Berlin

A Bit About Berlin



So, last week I took my first flight from Southend Airport to Berlin. People had built it up so much for me that I couldn’t help but go there with high hopes and it really did not disappoint one bit. Although the week tired me out a lot from the amount we did, I would choose a city holiday over a clubbing one any day. I really don’t understand why people get so excited and see it as the highlight of their year to get drunk every night, having the potential to sleep with random people and spend most of the day light hours hung over when instead they could actually explore a place. They could learn something about culture, see things that they will actually remember and might even inspire them, rather than the countless faces they’re bound to forget in the morning. I went on one once and in my opinion it’s really not all it’s cracked up to be.

Anyway, Berlin was pretty much exactly as I’d imagined it to be. They had the art, the music, the style, the history and the nightlife. It is genuinely a huge place with so many different parts spread out in opposite directions. There is a lot more to be discovered than just the typical tourist attractions that lure people in, although of course they are major parts of what shapes Berlin. However, note-to-self; never trust a tourist guide book for nightlife! One of the top clubs was hidden round a corner where the bouncer ordered you to whisper in the outdoor smoking area, whilst the inside capacity was nowhere near full on a Friday night.

My housemate Scott and I were there for six days and even this wasn’t enough time to access all areas. Regrettably, we were unaware that whilst we were over it was music week and a big Berlin music festival was taking place with two of my favourite artists performing; Bastille and Ellie Goulding. Gutted was an understatement of how I felt when we saw the posters spread over Friedrichschain’s graffiti covered walls.

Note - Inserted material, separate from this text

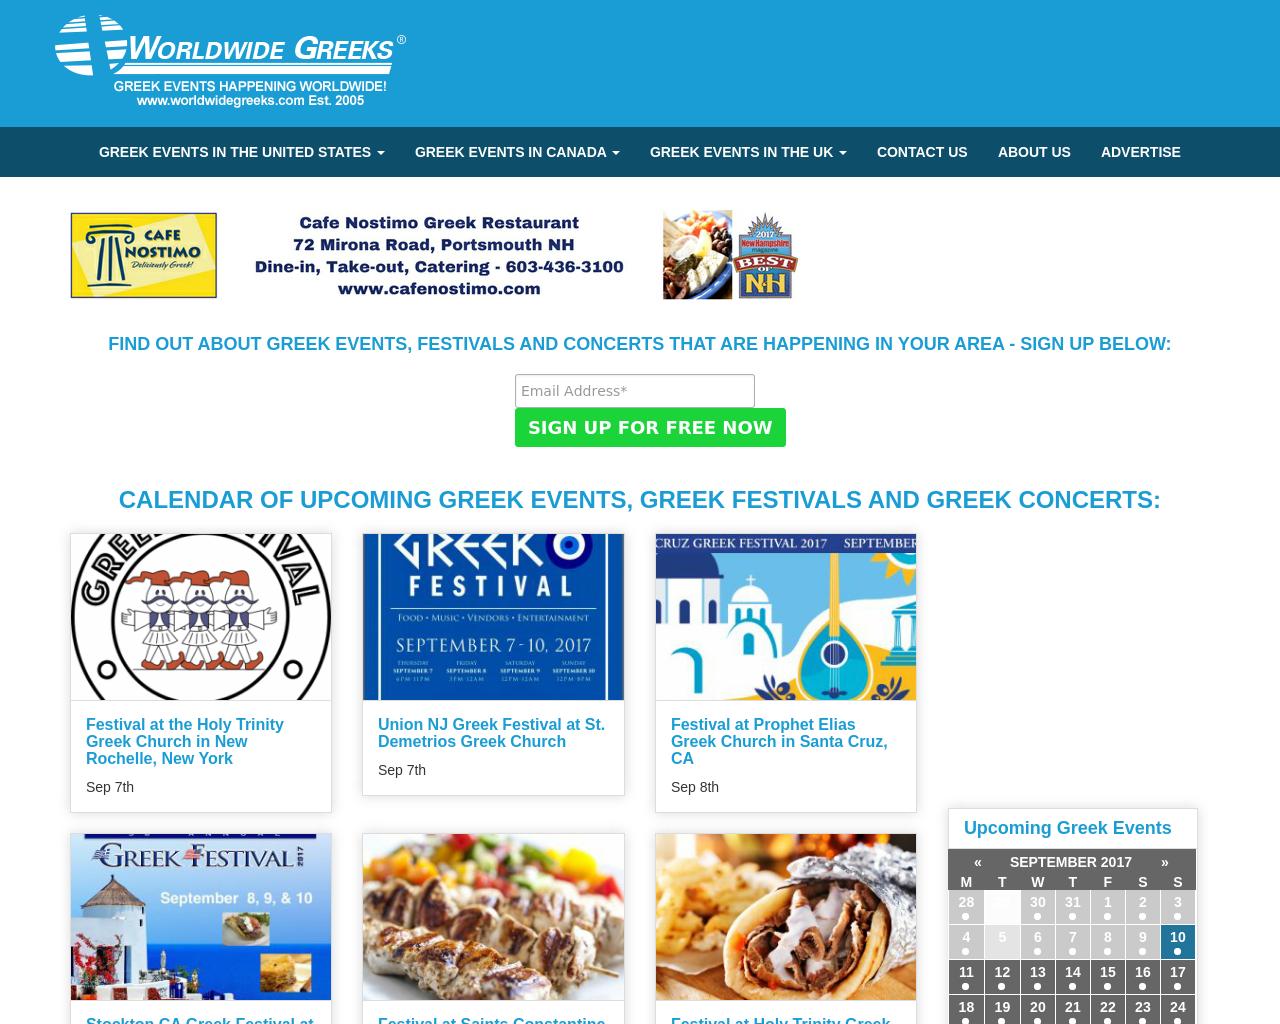 Worldwide-Greeks-Advertising-Reviews-Pricing
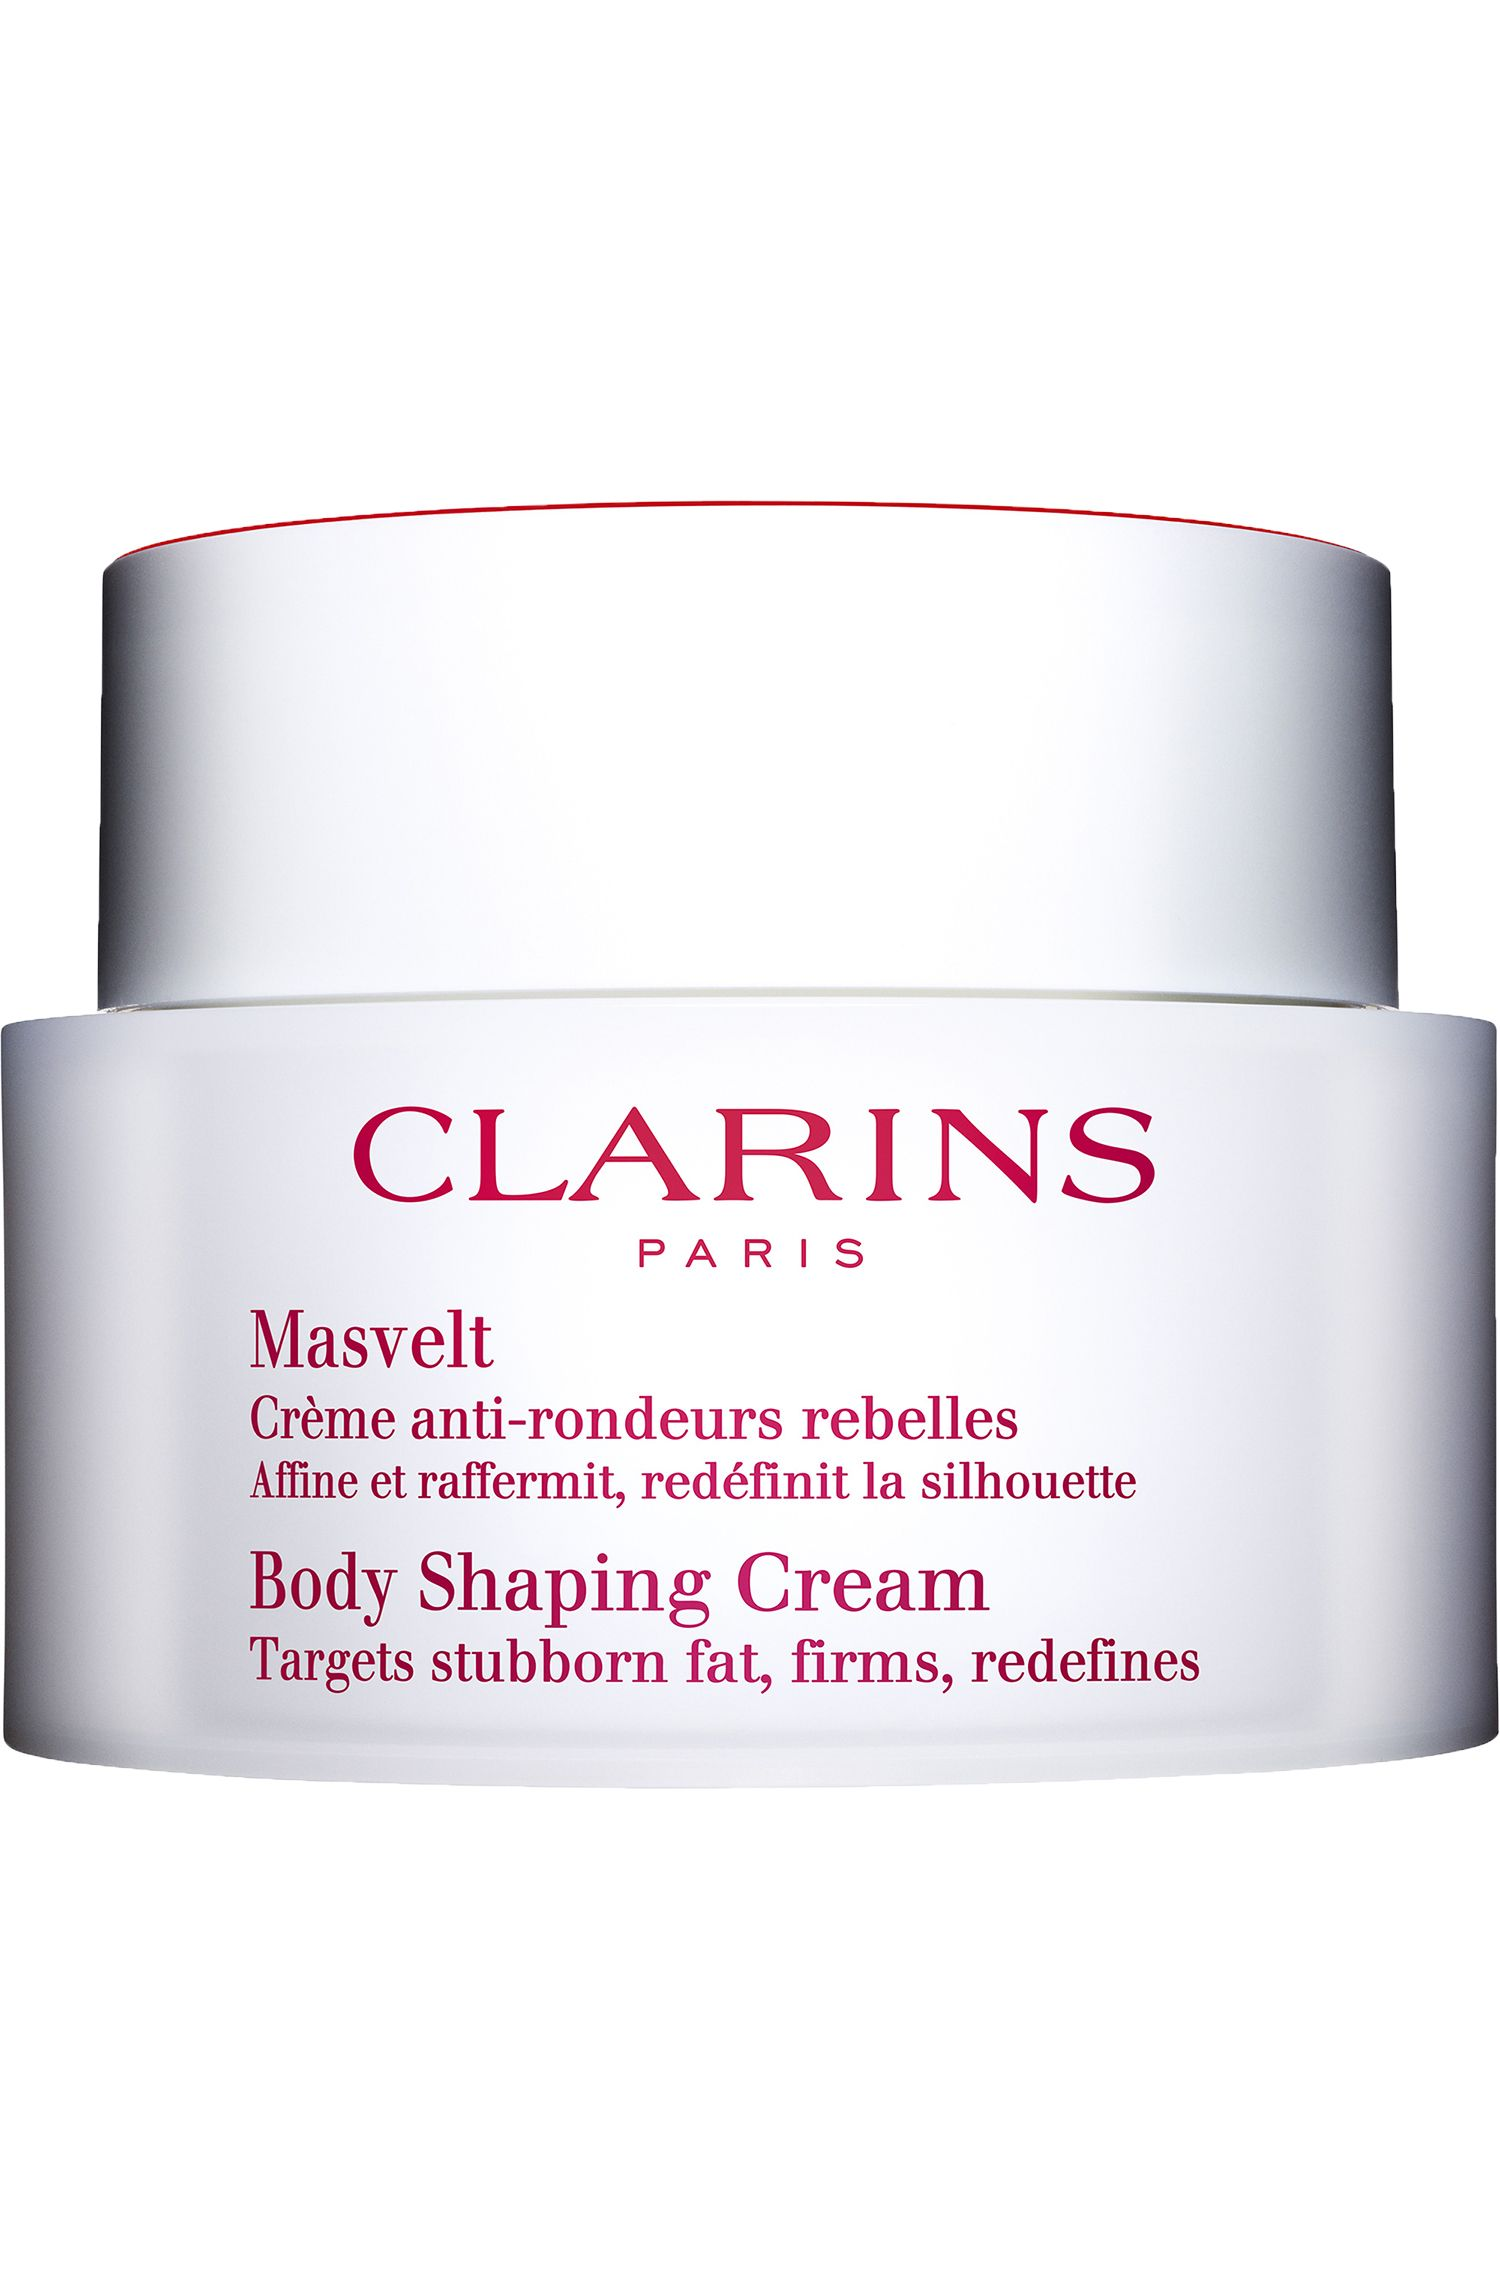 Blissim : Clarins - Crème minceur raffermissante corps Masvelt - Crème minceur raffermissante corps Masvelt

Graffiti is pretty regular in Germany. This was something I learnt from visiting Munich and living in Dusseldorf. You’ll be sitting on a train, passing through built up areas with sprayed artwork scattered over various buildings and even smothering the trains. It pretty much covers the entire city of Berlin. Yes, some of it is insanely creative, however there are other parts of it that really are just plain pointless. I can see the two attitudes that formed towards graffiti. There are some people who think it ruins Berlin and the others that think it makes it. I wish I could have spent a day just searching for huge pieces of this forbidden artwork, although it doesn’t take much looking out for - they’re quite hard to miss. I have no idea which bits of it are allowed and which bits have been achieved through sneaking around late at night. Either way it’s all fascinating to me. I mean you have the posh and proper neighbourhoods but then you have the rough and ready areas – they’re the areas that do it for me. They withhold potential for the alternative scene that lingers around Berlin. The fashion is what I love. It's retro, vintage and alternative. I  observed some of the people I saw in the streets with their unique dress sense. I was a bit disappointed that we couldn't find more second hand shops/vintage shops. It’s also hipster heaven. I don’t have opinions on hipsters; the stereotype is as generic as any other. I never really understand it anyway – too many stereotypes in the world. At the end of the day they are just a way for strangers to label one another.


I think Berlin is full of secrets, special places that wait to be discovered and this is why through researching I’ve found that the ‘places to be’ have altered over the years and will continue to. It’s such a huge, spread-out place that it’s almost impossible to pinpoint the best area. It’s incredible to visit and see in flesh, the places which in the 20th century were some of the most vital parts of both WWI and WWII. It really puts it all into perspective and makes you realise how haunting it is when you think of what happened and to the extent it was. I remember looking at a section of the WWII exhibition on Auschwitz concentration camp and just feeling my heart drop to my stomach; just realising how many innocent people’s lives were taken from them and how many people forced into doing something they didn’t believe it to help save their own life. It really isn’t a topic for the faint hearted. When you look around the city, standing in front of the Reichstag or walking through the blocks which form the Holocaust memorial it really is hard to imagine that not even a hundred years it was being destroyed by two horrific outbursts of war. Now there are all nationalities that roam the streets; there’s no one guarding the streets ordering people to walk in a specific direction and no one separating the public for their beliefs – there’s freedom. Of course in some areas there still linger those who devote their lives to Nazism but never as many as were involved in a world war.  The world has developed so much in the past hundred years that it makes me wonder what it will be like in another hundred years’ time.


The end to our holiday was a little stressful to say the least. We thought it’d be okay to leave a little later than to arrive two hours before our flight because the airport looked small. This wasn’t a great decision. We checked in our luggage forty minutes before our flight was departing and 10 minutes before the gate was supposed to close. The queues for the Easyjet check-ins were mad. This meant we had to literally chuck our stuff through the security check and run through the airport to get to the gate in time, only to find that they weren’t even boarding the plane yet. With this, we still managed somehow to arrive at Southend ten minutes ahead of schedule. See, all that stressing for nothing…genuinely was under the impression we were going to miss our flight, have to stay another night and pay for another flight – when in Berlin.

I definitely want to go back in the near future. I didn’t get to experience nearly enough of what I want to experience but within the time I was there I did manage to see a lot. I think maybe I will visit again next year for their music week or for my 21st. I still want to move out to Germany and I really hope that one day it can happen.